Ok this turned out to be more awkward to narrow down than I expected and seems to require some rather odd specifics that maybe point to some other underlying issue?
Here is a reproducible example:
import weaviate
from weaviate.util import generate_uuid5
from weaviate.classes import config as wvc
client = weaviate.connect_to_local(
headers={"X-OpenAI-Api-Key": "<key>"}
)
# Create the collection and explicitly set a vectorizer
client.collections.delete("Test")
collection = client.collections.create(
"Test",
vectorizer_config=(
wvc.Configure.Vectorizer.text2vec_openai(
model="ada",
model_version="002",
)
),
properties=[
wvc.Property(name="non_vectorized", data_type=wvc.DataType.TEXT, skip_vectorization=True),
wvc.Property(name="vectorized_text", data_type=wvc.DataType.TEXT),
wvc.Property(name="vectorized_array", data_type=wvc.DataType.TEXT_ARRAY)
]
)
uuid = generate_uuid5("example1")
# Insert the new object
data = {"non_vectorized": "Original Text", "vectorized_text": "Original Text", "vectorized_array": []}
collection.data.insert(properties={**data}, uuid=uuid)

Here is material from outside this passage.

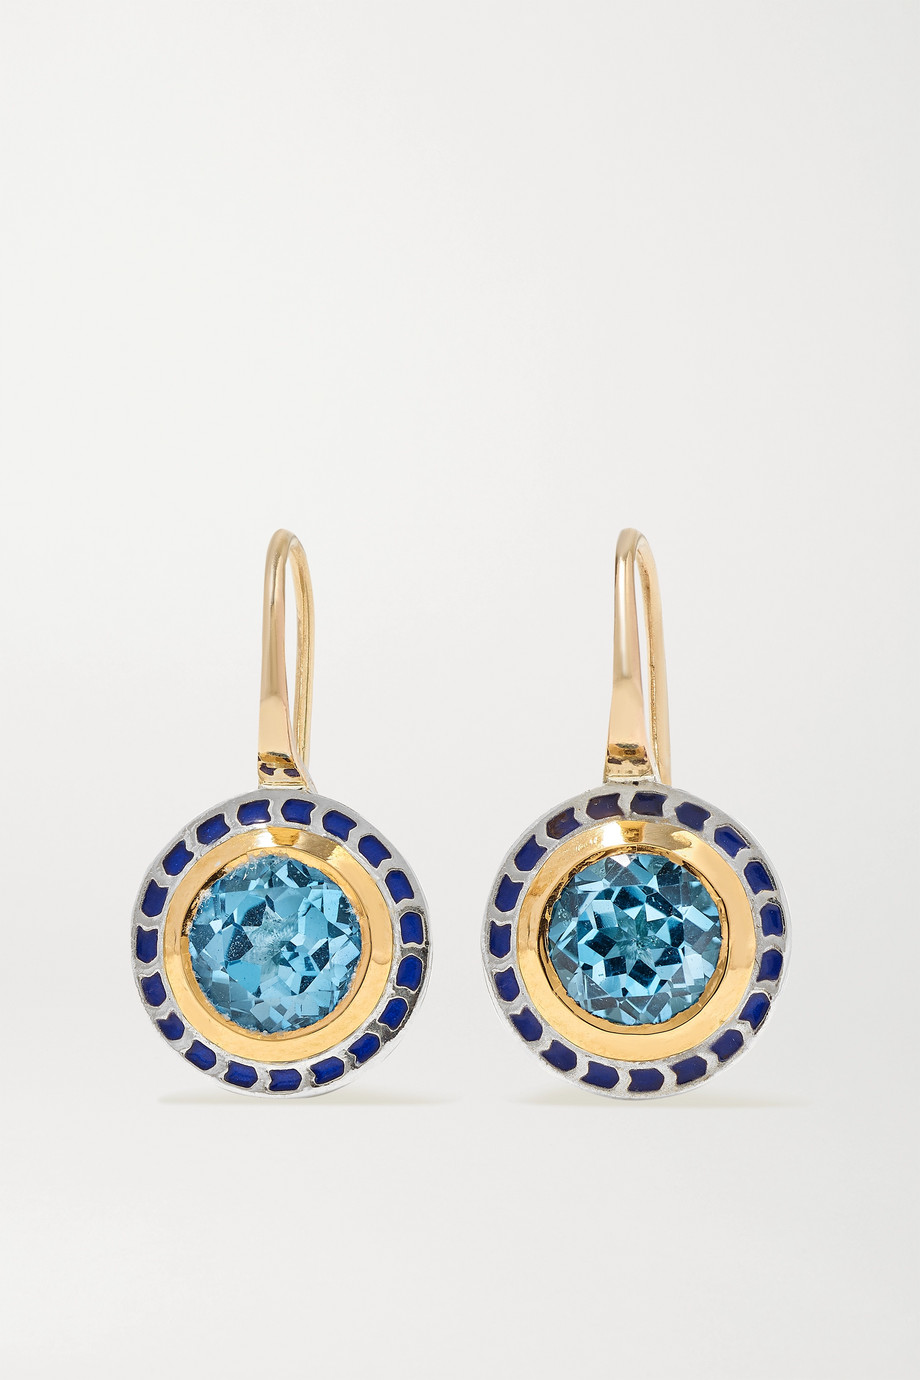 Alice Cicolini Tile Mini sterling silver, 22-karat gold, enamel and topaz earrings
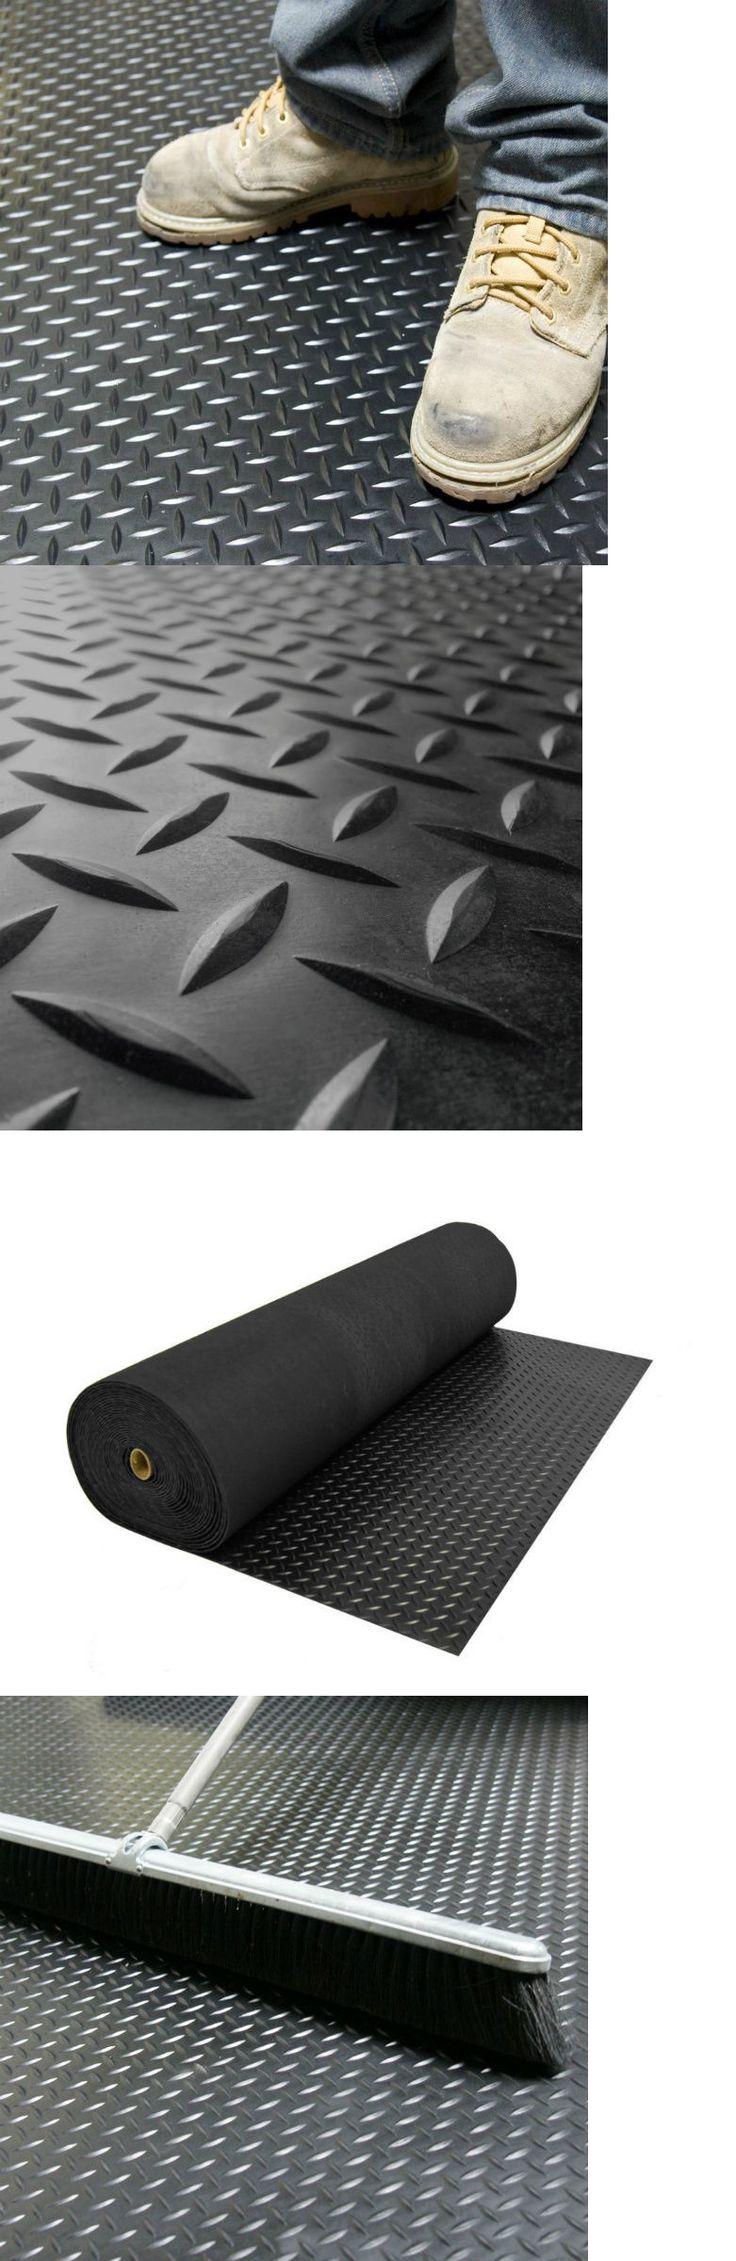 Rubber mats chennai - Equipment Mats And Flooring 179806 Garage Flooring Roll Out Gym Mats For Home Rubber Garage

# Replacing a non-vectorized property on its own does not work
replace_data = {**data, "non_vectorized": "I Changed"}
collection.data.replace(properties=replace_data, uuid=uuid)
print(collection.query.fetch_objects().objects[0].properties)
# Replacing either vectorized property at the same time works
replace_data = {**data, "vectorized_text": "I Changed", "non_vectorized": "I Changed"}
collection.data.replace(properties=replace_data, uuid=uuid)
print(collection.query.fetch_objects().objects[0].properties)
replace_data = {**data, "vectorized_array": ["I Changed"], "non_vectorized": "I Changed"}
collection.data.replace(properties=replace_data, uuid=uuid)
print(collection.query.fetch_objects().objects[0].properties)
Here is what makes this strange:
- If I don’t explicitly set a vectorizer_config, this issue does not occur.
- If I don’t have the text array in my schema, this issue does not occur.